Одно меня немного задевало: ко мне Сережка даже не подходил. Нет, он не избегал меня: это было бы особой формой внимания. Он просто не замечал меня, словно мы с ним были малознакомы, словно не стояли мы, обнявшись, в шаткой лодке. Сначала я и в этом видел признак великой скрытности, умелой конспирации. Я думал: просто у нас с ним такая игра — не замечать друг друга, — и честно поддерживал ее. По правилам этой игры я должен был молчать и ждать. Напомню, что я был в том возрасте, когда человек не ищет объяснений, оправданий, причин, а непринужденно изобретает их сам. И чем нелепее придуманное объяснение, тем больше ему веришь. Мне и в голову не могло прийти, что я играю в эту молчаливую игру один. Мне казалось — вот-вот что-то произойдет. Каждый день я вставал с уверенностью: «Ну, сегодня…» Но день проходил за днем, и ничего не случалось.

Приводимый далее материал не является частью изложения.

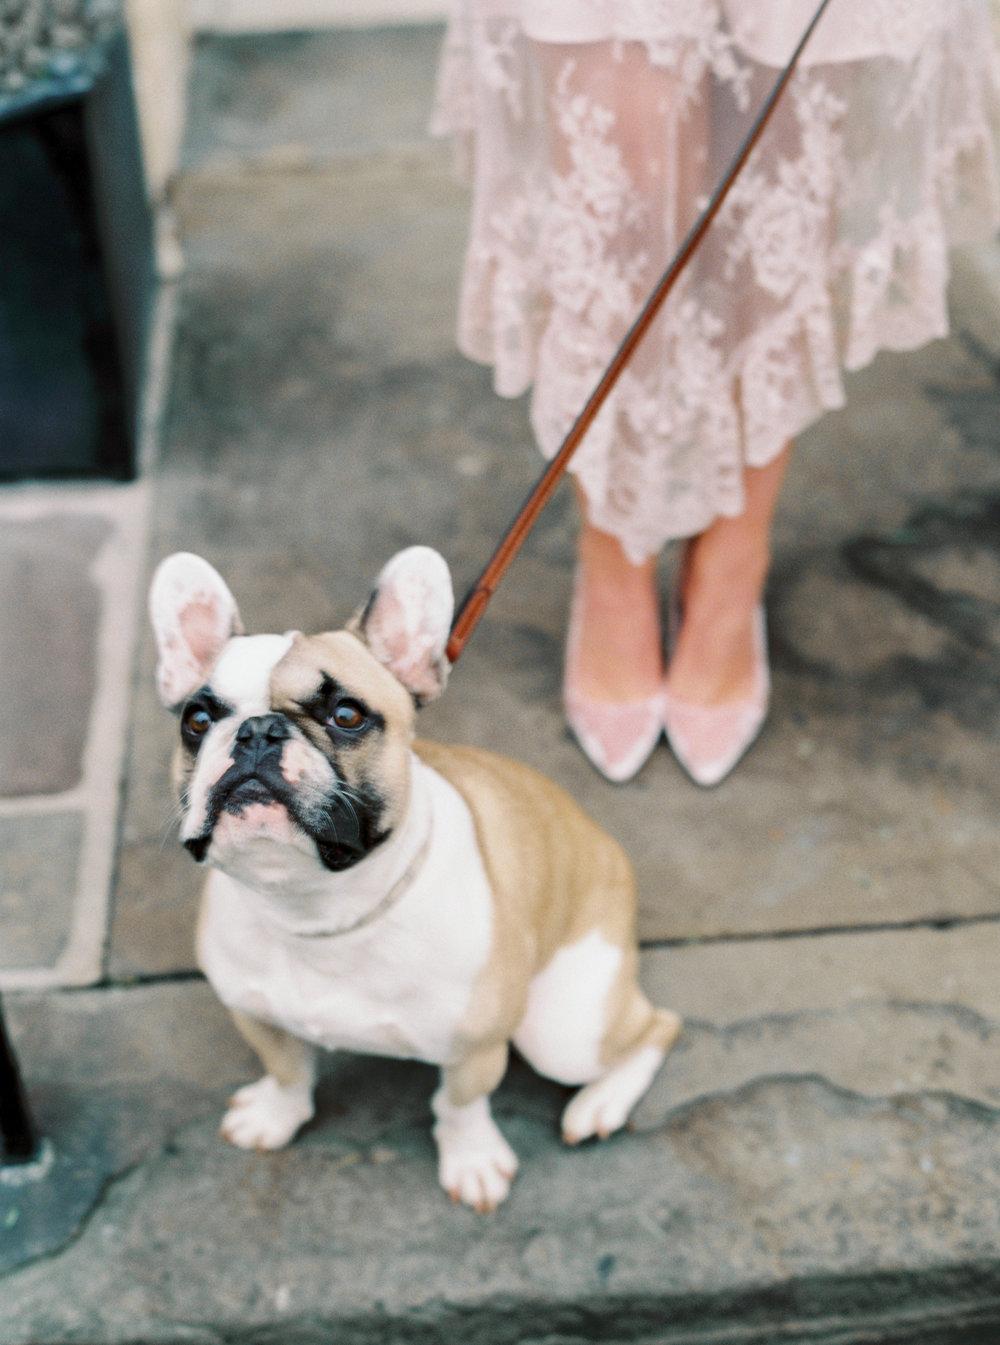 Luxury Wedding Planner UK | Our Chic & Romantic Engagement Shoot in Bath | Katie Julia Photography - 36.JPG

Вскоре, правда, я сделал открытие: Сережка время от времени исчезает из лагеря. Никто не замечал этого, кроме меня. Он уходил по вечерам, а к ужину являлся аккуратно. Лишь однажды он опоздал. Вожатая стала спрашивать, где Разин. Надо было действовать, и я сказал, что его только что позвал руководитель авиамодельного кружка. Мне было велено сбегать за Сергеем. Я отправился не торопясь. Я раз двадцать обошел запертый домик авиамоделистов, а когда вернулся, все уже были в столовой и Сережка сидел на своем месте. Вожатая объявила, что меня «только за смертью посылать». Тем дело и кончилось.

Где был Сережка? Куда он исчезал? Я ломал голову в догадках, но ничего не мог придумать. Помню, одно время я размышлял о каком-то тайнике в лесу, где хранится нечто, имеющее отношение к нашей клятве. Я много думал об этом тайнике, я даже представлял его себе: под корневищем старой вывороченной ели запрятан сверток… Но что в нем?

4

В моей памяти есть провал: я никак не могу вспомнить, что происходило со мной в двенадцать-тринадцать лет, примерно в шестом-седьмом классах. Одно время я думал, это случилось только со мной. Но недавно я расспрашивал нескольких своих друзей, и они признались мне с удивлением, что они заметили точно то же самое. И каждый считал, что это недостаток именно его памяти, а у других людей не так. Воспоминания детства есть у всех; и все помнят впечатления юношеской поры. А полоса посредине — между детством и юношеством — закрыта серой пеленой. Как-то жили, что-то происходило, но как жили? Что происходило? Куда ушли эти годы?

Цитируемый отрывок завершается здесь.